Many of these stories have common patterns to them; this blog post aims at capturing the top 3 common security enhancement approaches taken by customers.

Three Common Approaches to Secure Against the New Threat Landscape

With the magnitude and advancement of attack techniques; be it APTs, spear phishing, DDoS, cross-site scripting, etc, customers continue to use the well proven approach of increasing security layers within their IT environment to capture elusive threats. However, the variation in approach is mainly around where and how these layers are created.

Some of the common multi-layer security approaches can be listed as below, in no particular order.

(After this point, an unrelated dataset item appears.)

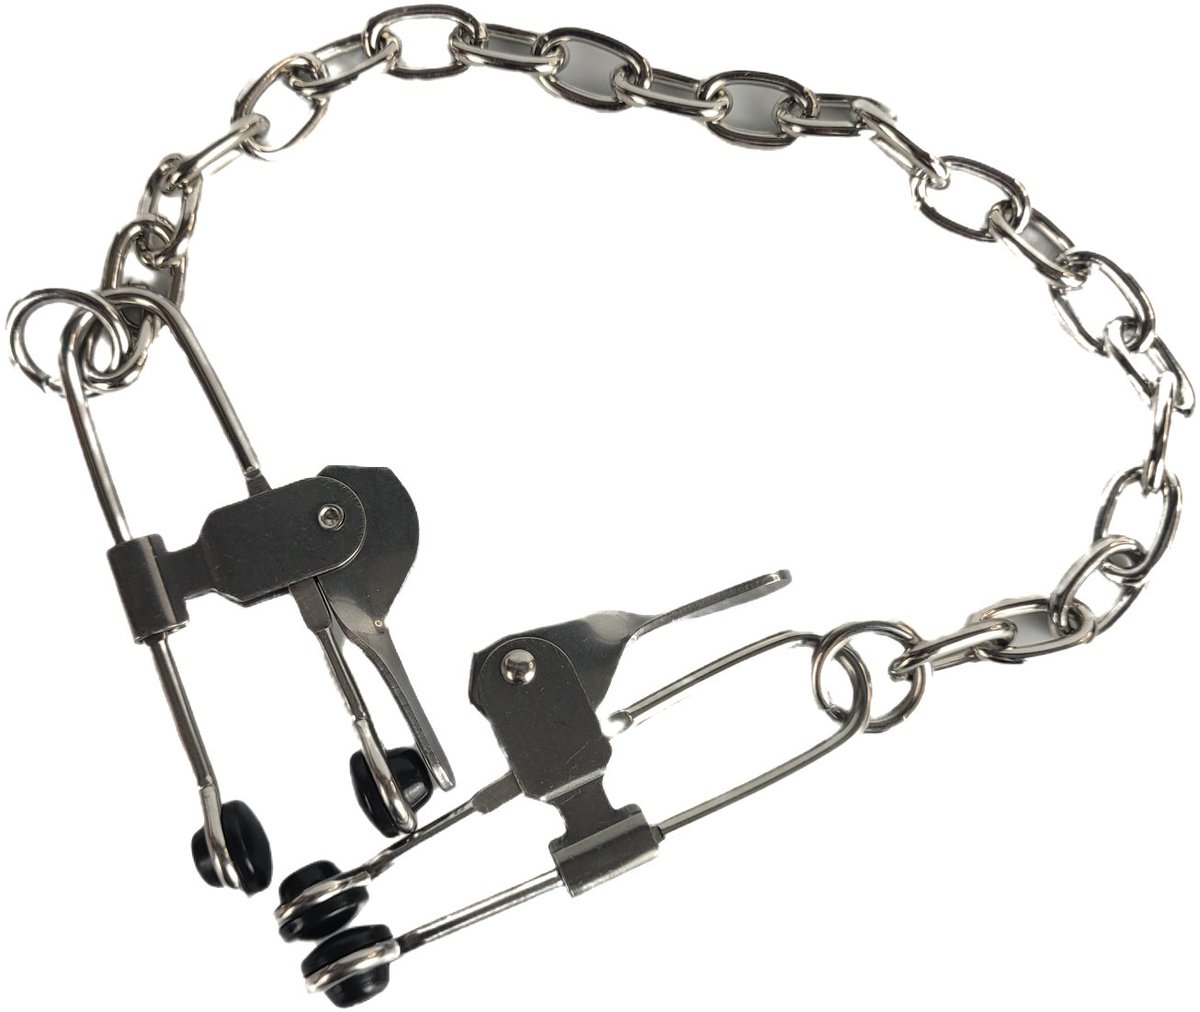 Nipple clamp available allaboutgag.com/products/large…

1. Separate Security for ‘Each Entity’ in the Infrastructure

This is a simple, yet effective approach, where customers add security to each physical (and now also virtual) infrastructure. Separate agents manage network, endpoint and hypervisor security. A recent example would be a leading telecom company based out of the Middle East, which faced state sponsored threats, and decided to take this defense in-depth approach.

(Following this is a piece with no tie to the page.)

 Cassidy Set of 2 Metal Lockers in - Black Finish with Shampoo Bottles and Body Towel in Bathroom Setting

They implemented Host Intrusion Prevention solutions across their 1000 plus servers and utilized Virtual Server Protection to secure their virtual environment hypervisors. They already had Network Intrusion Prevention implemented and successfully running, however with the increase in attacks, they decided to secure each layer to catch any of the slipped attacks.

The challenge that this approach could bring is management of these multiple agents, hence products that can support heterogeneous environments and be managed by a centralized console is critical to make this approach effective.

2. Using a ‘Multi-Vendor’ Approach on the Same Layer of Infrastructure

This approach is taken to get the best of both ‘worlds’ or in this case ‘vendors’, by combining the protection capabilities of different vendors to protect the IT environment. If a threat eludes one vendor agent, the second agent might identify it.

An example of this would be a customer based out of North America, who had implemented the IBM NIPS product on all their network gateways exposed  to internet/ external traffic and used a competitor NIPS to handle aspects of their intranet traffic. This approach does give the customer flexibility to choose agents based on the need of each network and these optimization could help with reducing overall licensing costs as well.

The main challenge to this approach is the need to utilize different consoles to manage separate vendor agents, hence requiring more administrative effort.

3. Utilizing a ‘Security Intelligence’ Layer on Top to Capture It All

This is about having an integrated view of the entire landscape, knitting separate incidents together to secure against advanced threats.

Customers are realizing the importance of utilizing big data to capture potential threats that work in tandem with each other. Security intelligence products that integrate with different point security products as well as review network and virtual network’s flow data have seen strong acceptance among customers. This also works well as it is a layer that integrates with the existing security landscape to provide additional value.

However, currently security intelligence platforms mainly detect and alert on possible threats. They don’t act on it or stop the threat as such. It is only one-way communication from the agent without talking back to the agent. This will probably be the next level of integration that future solutions will evolve to.